• **Information supplied**:
• • • • • • •

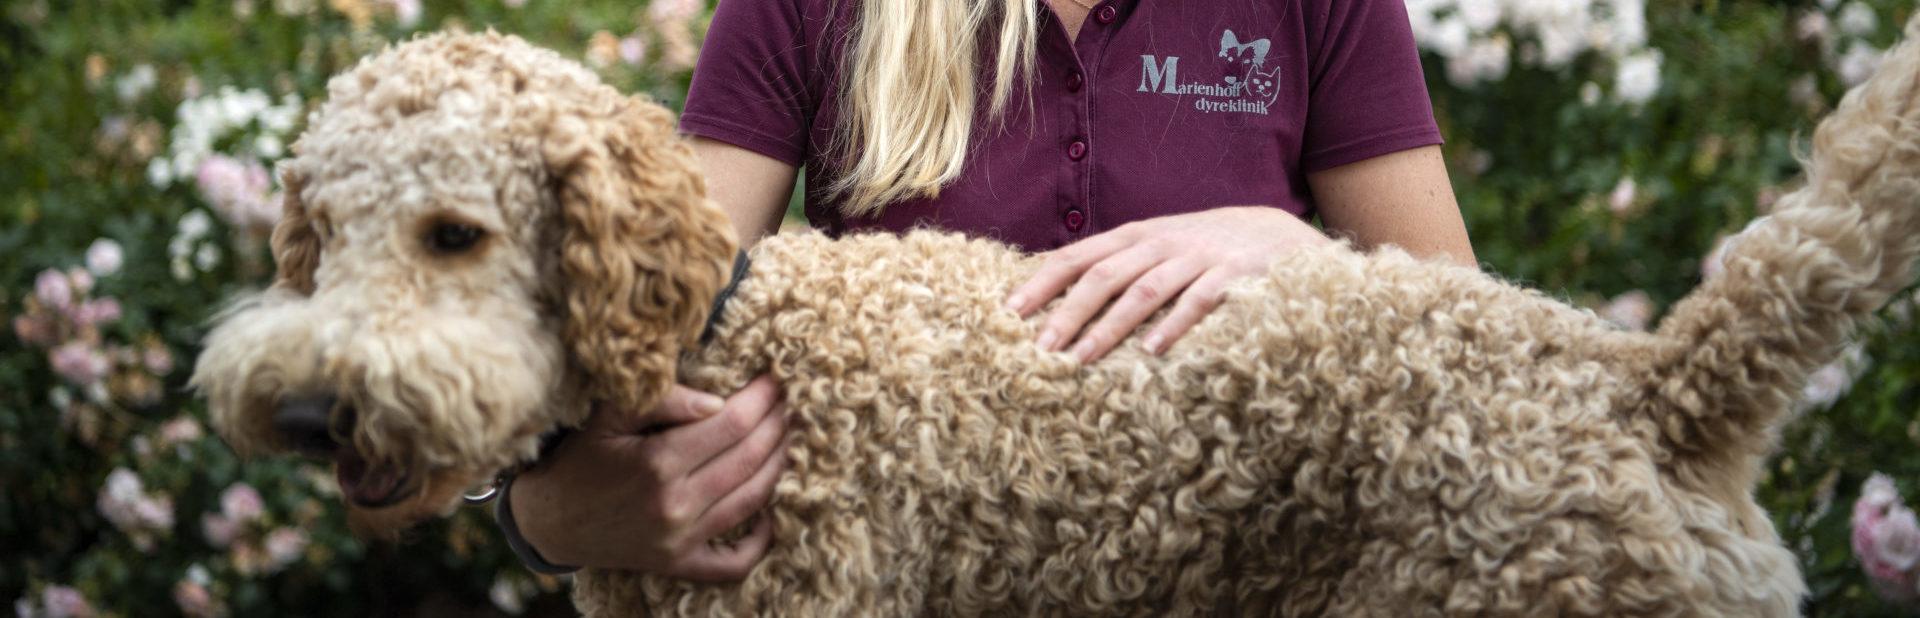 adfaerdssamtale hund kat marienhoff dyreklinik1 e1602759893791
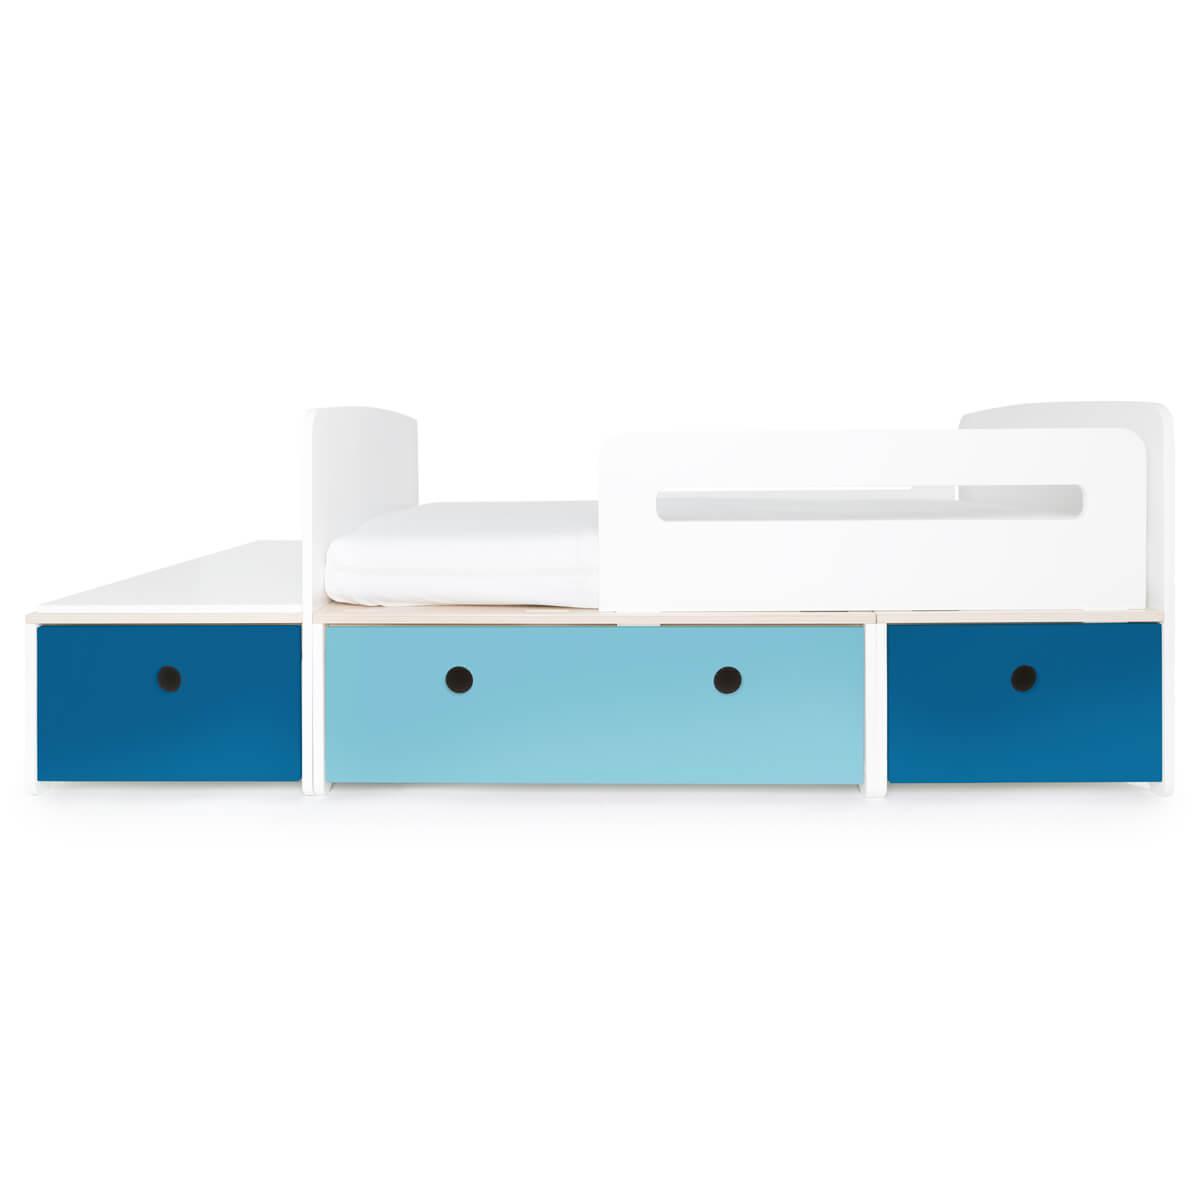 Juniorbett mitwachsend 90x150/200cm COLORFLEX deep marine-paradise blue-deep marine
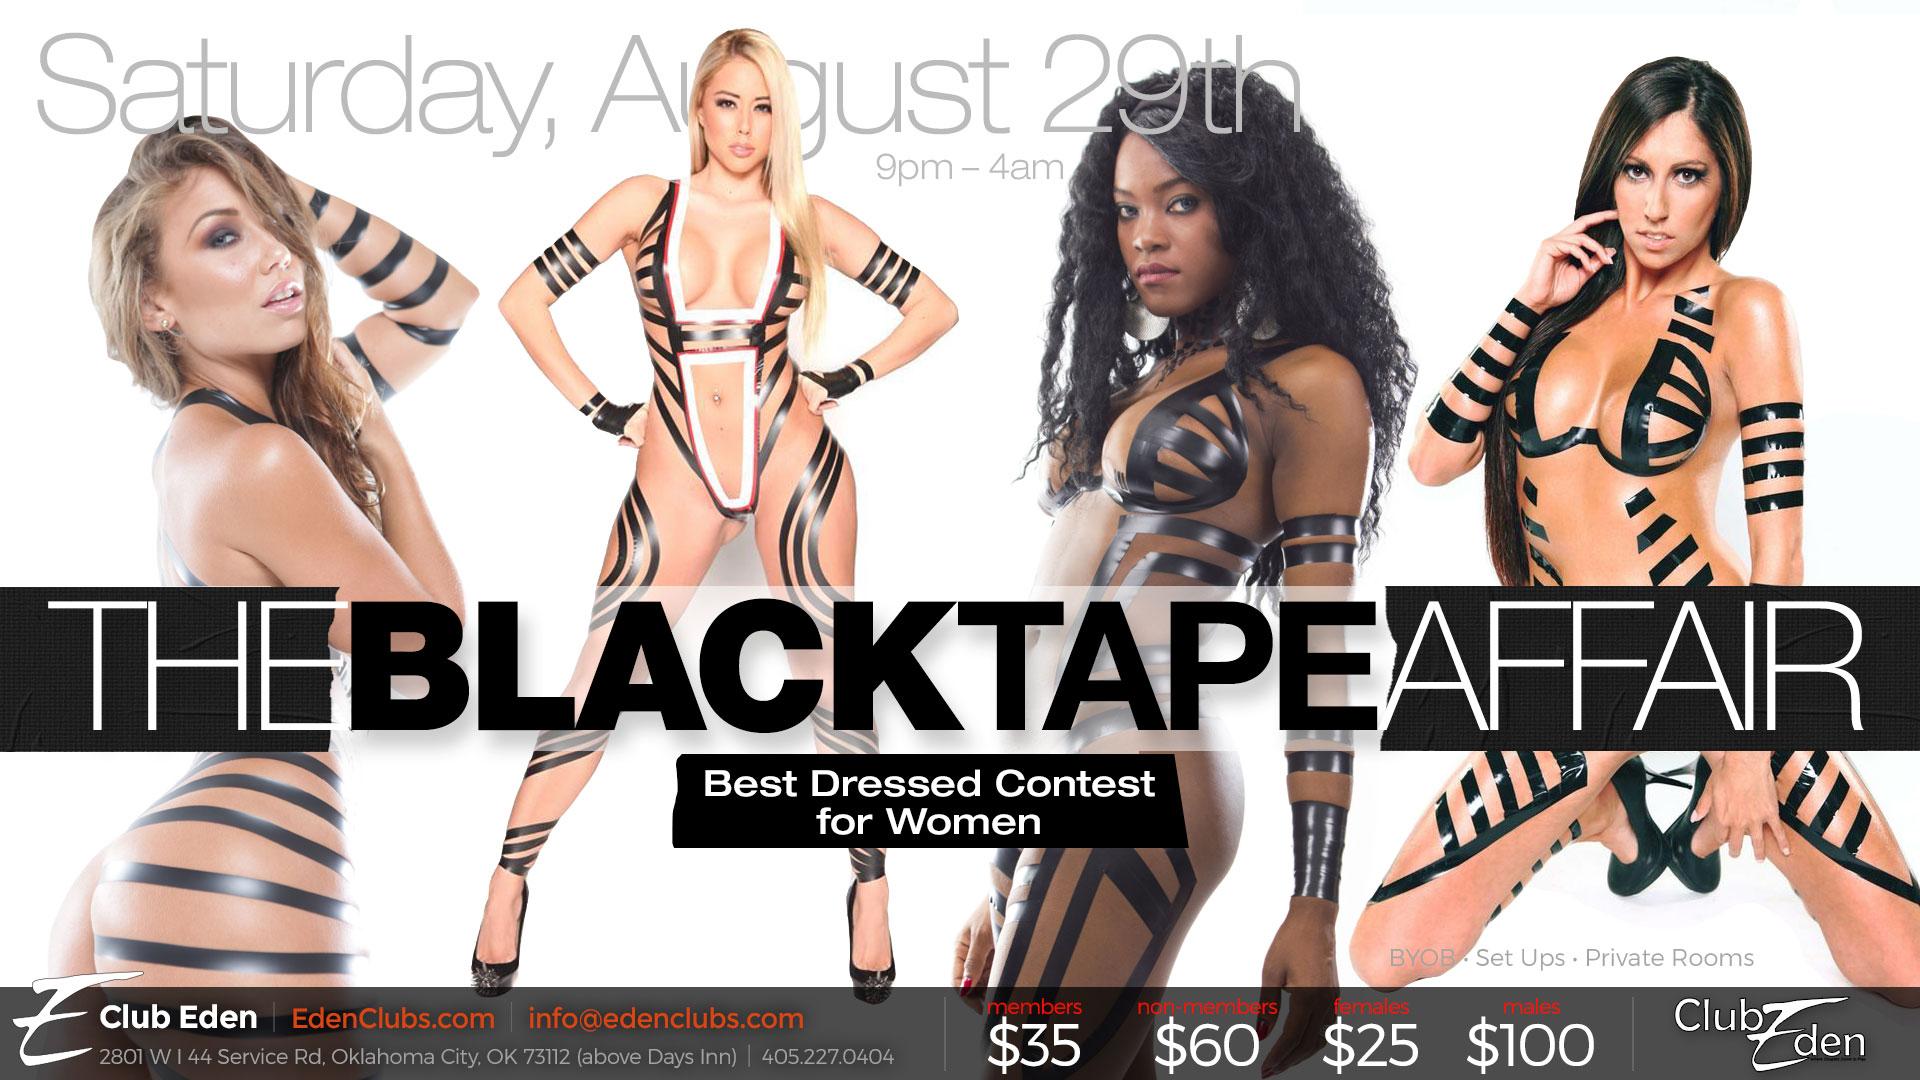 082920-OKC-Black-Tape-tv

• • • • • • •

• **Action item**: Each line of the material needs to be given again exactly, without any of its pictures.

• **Answer below**:
 adfaerdssamtale hund kat marienhoff dyreklinik1 e1602759893791
 Juniorbett mitwachsend 90x150/200cm COLORFLEX deep marine-paradise blue-deep marine
 082920-OKC-Black-Tape-tv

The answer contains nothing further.